CHAPTER 77
The FBI’s Strategic Operations Center,
Washington, D.C.
 
“We have a new name that has surfaced,” said a mid-level special agent who had arrived late for the meeting and just joined the group around the table.
“Who?” The director, like everyone in his operation center, now starting a third day without sleep.
“A Chechen.”
That caught Tom Pope’s attention. They’d had virtually no Chechens on their watch lists until Boston. The Chechens hated Russia, not America. Now, the world’s lists were all being revised. For good reason.
“Abu Umarov.” The agent went on to say that the Bureau’s G-cell in the Strategic Information and Operation Center had picked up the name in randomly monitored cell traffic.
“I know that name. Wasn’t he connected to Yousef?” Pope could afford to be direct. His stock had gone sky-high within the Bureau. CNN was running with the lead story that the two stolen nuclear weapons had been retrieved in a lightning raid in Pakistan, but the world never knew how close it came to Chicago being vaporized. “I thought they were all dead in that valley.”
“Excuse me, sir.” At that moment, Garland Sebeck stood at the door to the conference room. He looked much like someone who was holding on to a secret.
“Mr. Director, may I go talk to my assistant?” Tom Pope rolled his chair back.
“Sure, go ahead, but let me know what you find out.”
Tom Pope walked out into the hallway. He still had his coffee mug in hand. He used the mug to point to a smaller secretary’s office across the way, its occupant missing for the moment. Pope closed the door behind Sebeck.
“There’s something.” Sebeck had a red folder marked TOP SECRET. “This is from one of our field agents stationed in Guam.”
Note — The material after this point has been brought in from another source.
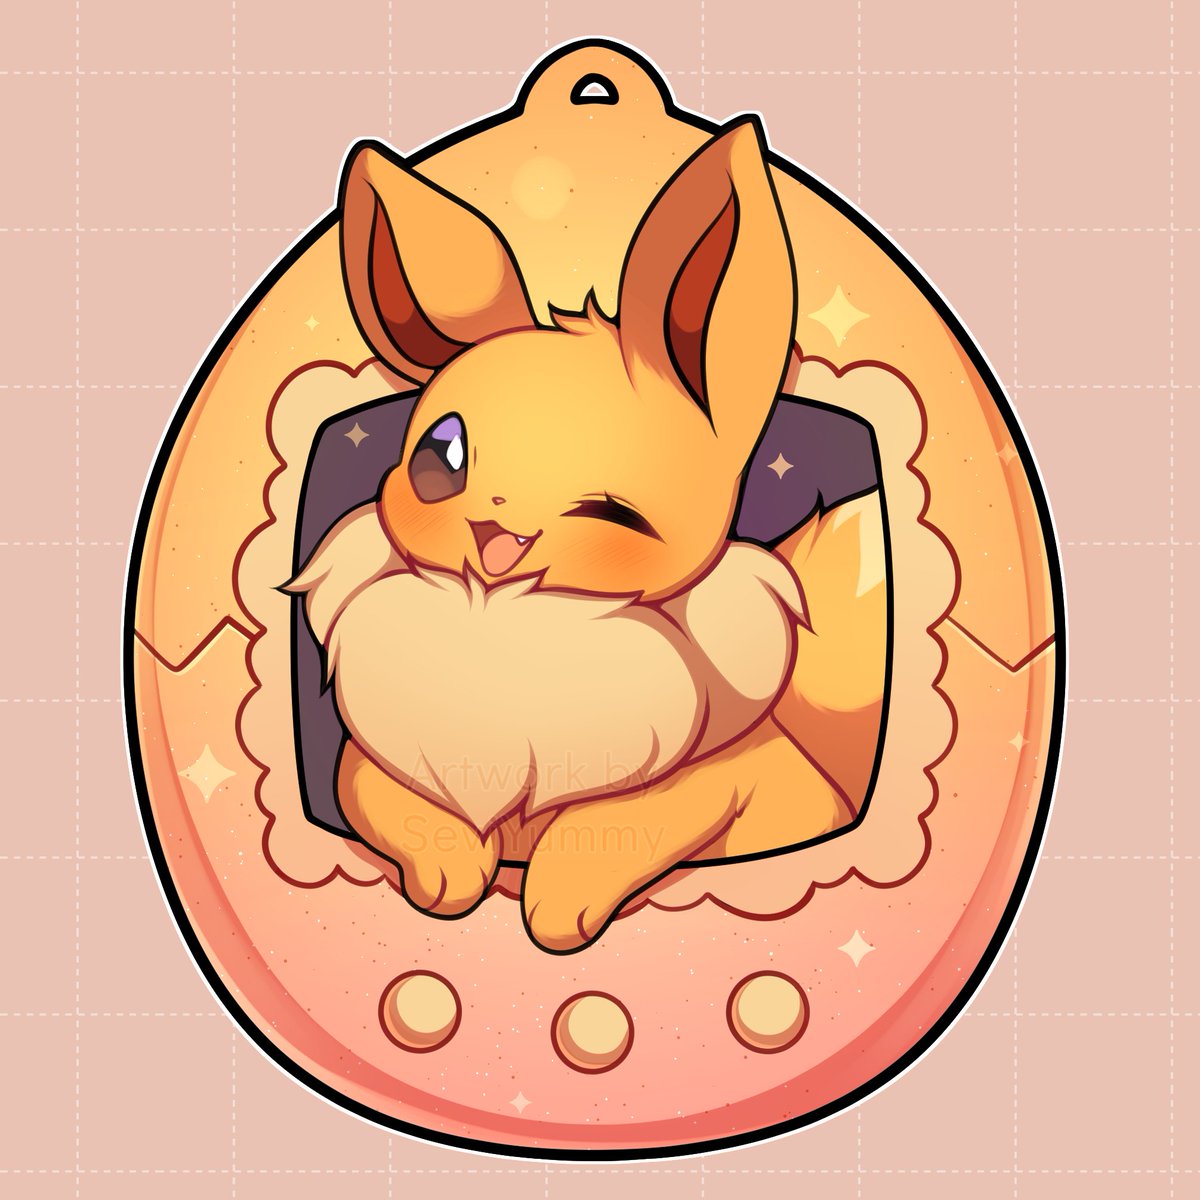 「✨🌸 Eevee Tamagotchi ~ 🌸✨

Did you have」|Sevi 🌸🌿のイラスト

As Pope read the report, he thought of something. “You remember Chantilly?”
“Sure, your IT buddy.” Sebeck had jibed his boss on more than one occasion about Pope’s “pet geek.”
“Did you see that last report he e-mailed yesterday?”
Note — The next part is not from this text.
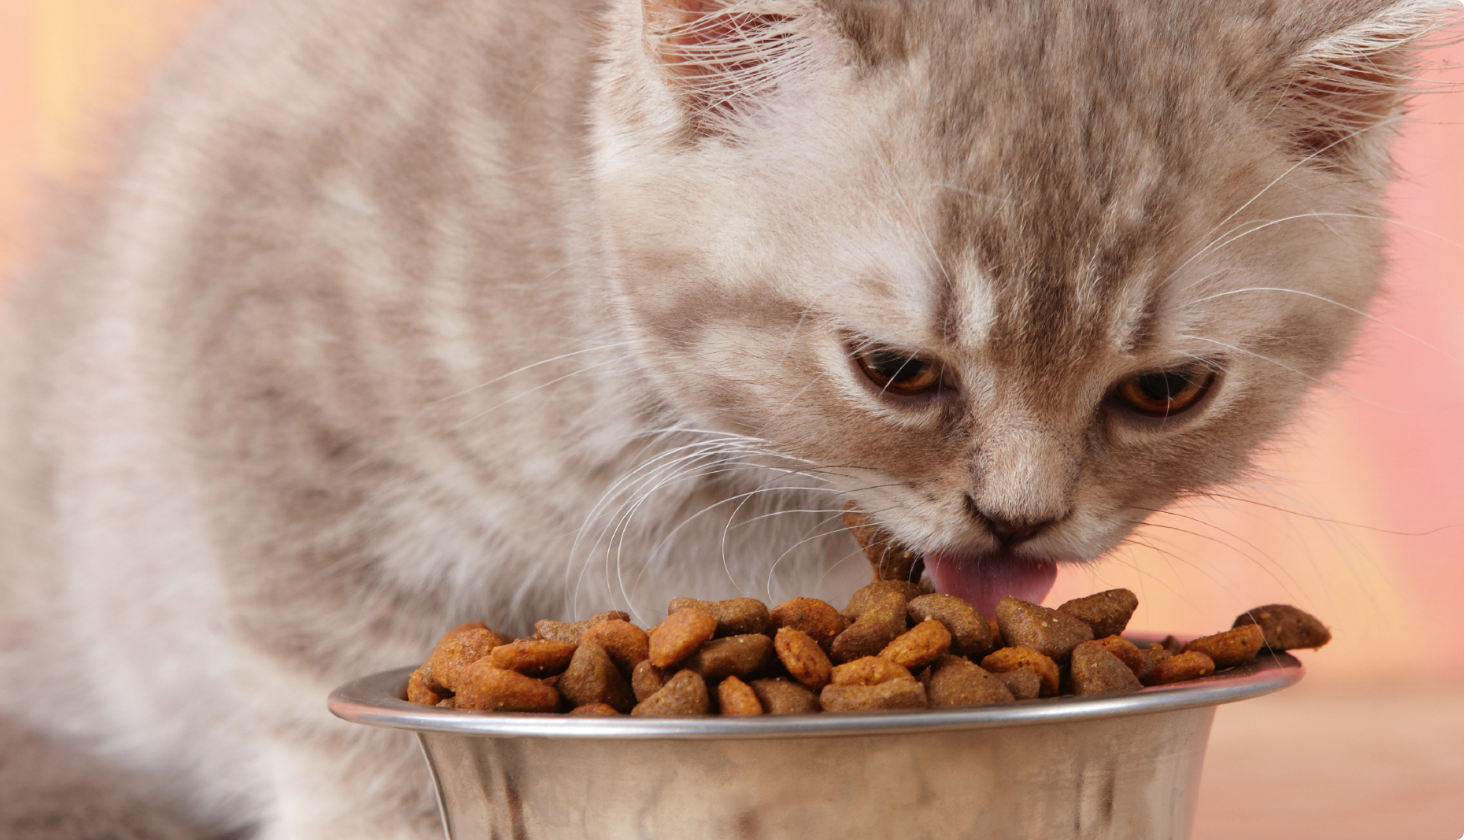 Kitten eating dry cat food from a bowl.

“The traffic from that computer at Langley?”
“There was one e-mail to a BlackBerry in New York. It mentioned two names.”
Sebeck smiled.
“Yeah, the names Scott and Parker.”
“Scott was that Brit on the conference call.”
“Yes, he was.”
“Let’s get Chantilly to trace the BlackBerry. My guess is that it connects back to Langley.”
“That shouldn’t be a problem.”
“There were some independents. I saw an intel report several years ago. Killers for hire. The suspicion was that they were CIA-connected.”
“Let me guess?”
“Robert Tranthan.”
“Yes.”
“And we need to ask Mr. Scott how we can find Parker.” Tom Pope looked back at the red folder, flipping the sheet within. The report recorded a detailed interview. “I knew it.” As Pope continued to read, his face started turning red. “I goddamn knew it!”